“Your broken leg,” interrupted Ashton––“it made me forget. You had saved me with the rope. I had to help you. Now I see how foolish I have been. I should have left you to lie here, and flung myself back over into the water.”

“Why?” calmly queried Blake.

“Why! You ask why?” cried Ashton, his eyes ablaze with excitement, his whole body quivering. 335 “Can’t you see? Are you blind? What do I care about myself if I can save her from you? I shall not try to escape. You shall never go up there to work her harm!”

“Harm her? You mean put through this irrigation project?”

“No!” shouted Ashton. “Don’t lie and pretend, you hypocrite! You know what I mean! You know she could not hide how you were enticing her!”

Blake stared in utter astonishment. Then, regardless of his leg, he sat up and said quietly: “I see. I thought you must have understood when she told me, there at the last moment before we started. She is my sister.”

“Sister!” scoffed Ashton. “You liar! You have no sister. Your sisters died years ago. Genevieve told me.”

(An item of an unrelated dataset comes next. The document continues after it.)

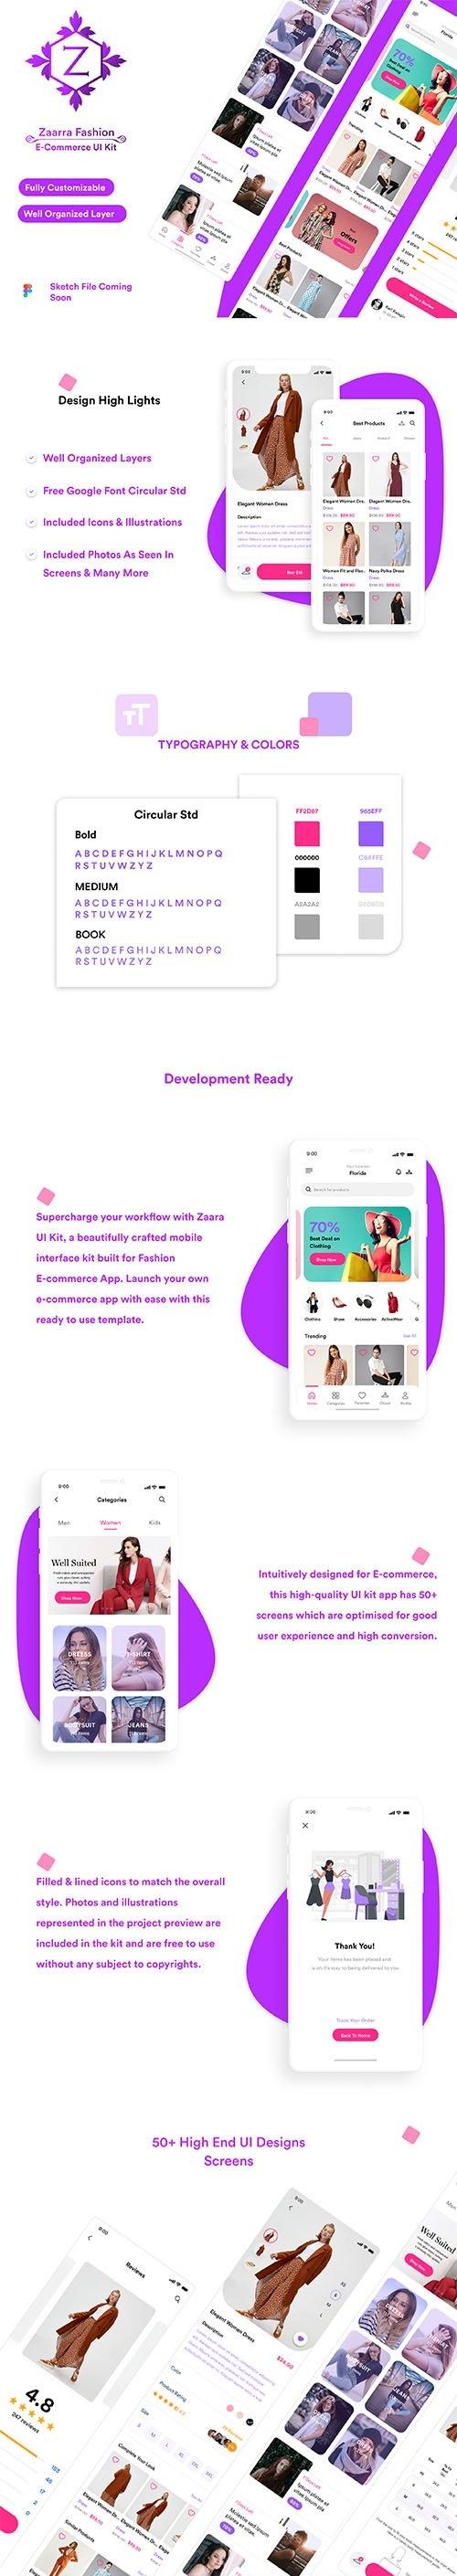 Zaara Fashion ecommerce UI Kit

“That was what I told her. I believed it true. But it was not true. Belle did not die––God! when I think of that! It has helped me through this fight––it helped me crawl up here with that leg dangling. Good God! To think of Jenny waiting for me up there, and Son, and little Belle too––little Belle whom all these years I thought dead!”

Ashton stood as if turned to stone. “Belle––you call her Belle? She told me––Chuckie only a nickname!” he stammered. “Adopted––her real name Isobel!” 336

“We always called her Belle––Baby Belle! She was the youngest,” said Blake.